Dysbiosis in Lung Cancer

Although an association of oral microbiome and cancer risk has been found in pancreatic cancers [70], our understanding of the impact of the oral microbiome on lung cancer pathophysiology remains limited. Yan et al. were the first to demonstrate the association between salivary microbiota with lung cancer [71]. Using 16s sequencing, levels of Capnocytophaga and Veillonella were significantly higher in patients with squamous cell cancer and adenocarcinoma suggesting their levels as potential use as biomarkers for disease detection or classification. The AUC of ROC of Veillonella for squamous cell cancer and adenocarcinoma were 0.81 and 0.68, respectively, and the AUC of Capnocytophaga for squamous cell cancer and adenocarcinoma was 0.79 and 0.81, respectively. In a different study, excluding the effect of smoking, salivary microbiome among 75 non-smoking female patients with lung cancer compared with 172 matched healthy control found decreased microbial diversity and occurrence of dysbiosis in the lung cancer group [72]. Bacterial genera Blastomonas and Sphingomonas were found to be significantly higher in the oral microbiota of the lung cancer group while Acinetobacter and Streptococcus were higher in the control group. The study also found a positive correlation between immunocytochemistry markers TTF-1 and CK 7 with Enterobacteriaceae, and Napsin A with genus Blastomonas. A study of salivary dysbiosis showed that genera Veillonella and Streptococcus were strongly increased in NSCLC compared with controls [73]. The UniFrac distance was significantly different between the groups on principal coordinates analysis. It also showed cross links among salivary microbiota dysbiosis, systemic inflammatory markers, and predicted Kyoto Encyclopedia of Genes and Genomes (KEGG) pathways.

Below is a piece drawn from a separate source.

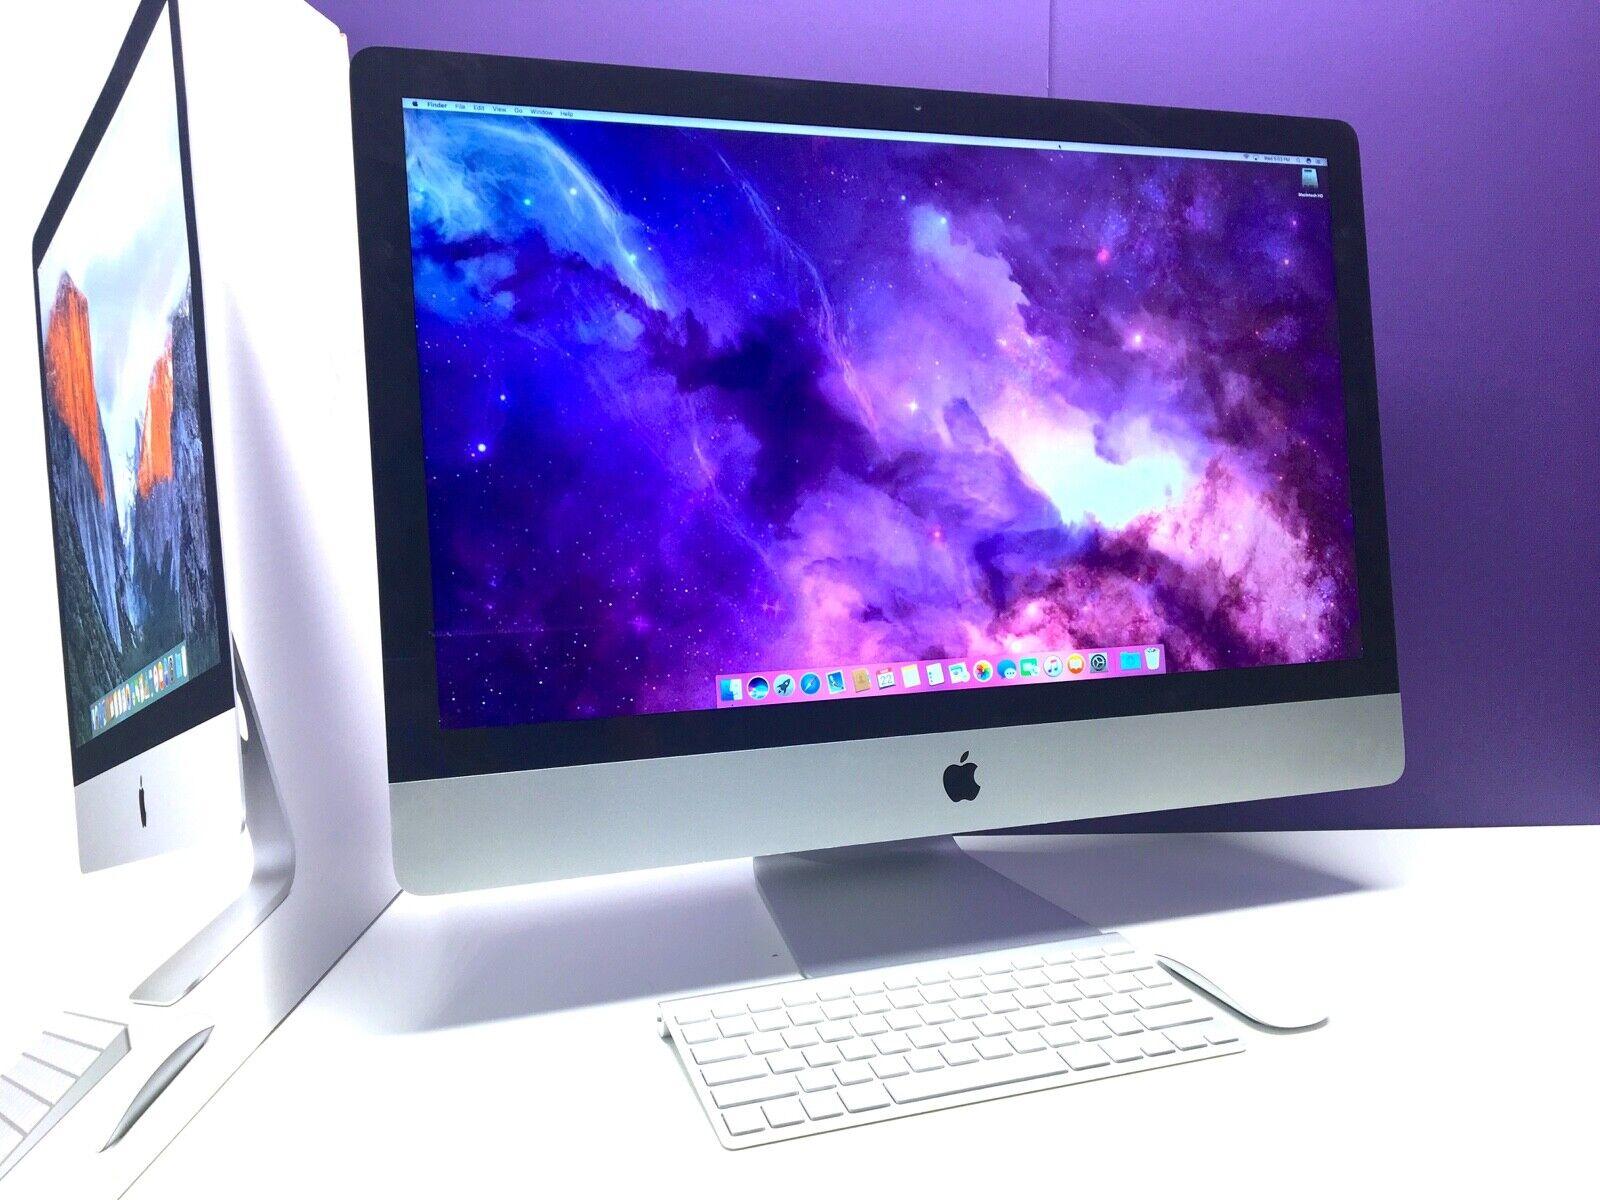 Apple iMac 27 SLIM Display | i7 QUAD | 1TB SSD 32GB | All-in-One Desktop OS2020. Buy it now for 1249.00

Dysbiosis in Lung Transplant

Oral pharyngeal microbiota in patients undergoing lung transplant showed severe dysbiosis in taxonomic composition and respiration phenotypes with reduced richness and diversity and increased facultative and reduced aerobic bacteria in the pre-transplant stage in the setting of their end-stage lung disease [74]. In 6 weeks to 3 months post-transplant, the richness and diversity were intermediate between healthy and pre-transplant patients. By 6 months, the post-transplant patients’ oral pharyngeal microbiota resembled that of pre-transplant patients. All post-transplant patients were on antimicrobial and immunosuppressive therapy, which may have affected the patients’ microbiota. However, analysis of pre-transplant patients on these agents suggested that the dysbiosis is not driven by antimicrobial nor immunosuppressive therapy.

Conclusion

With the improvement in PCR sequencing tools available to investigators, we have a greater understanding of the oral microbiome diversity and its systemic effect especially on the lungs. The diversity of microbiota decreases as we descend from the oral cavity to the lungs. Dysbiosis of the oral microbiota is linked to oral infections and a number of lung diseases especially pneumonia, CF, COPD, and lung cancer. The oral cavity was found to be a reservoir of bacteria causing disease in the acute conditions (aspiration pneumonia, HAP, and VAP) and chronic disease (CF). In lung cancer, changes in oral microbiota can be a biomarker of disease. Future studies should explore the use of oral microbiota dysbiosis as biomarker of disease and the manipulation of oral microbiota therapeutically to change lung disease progression.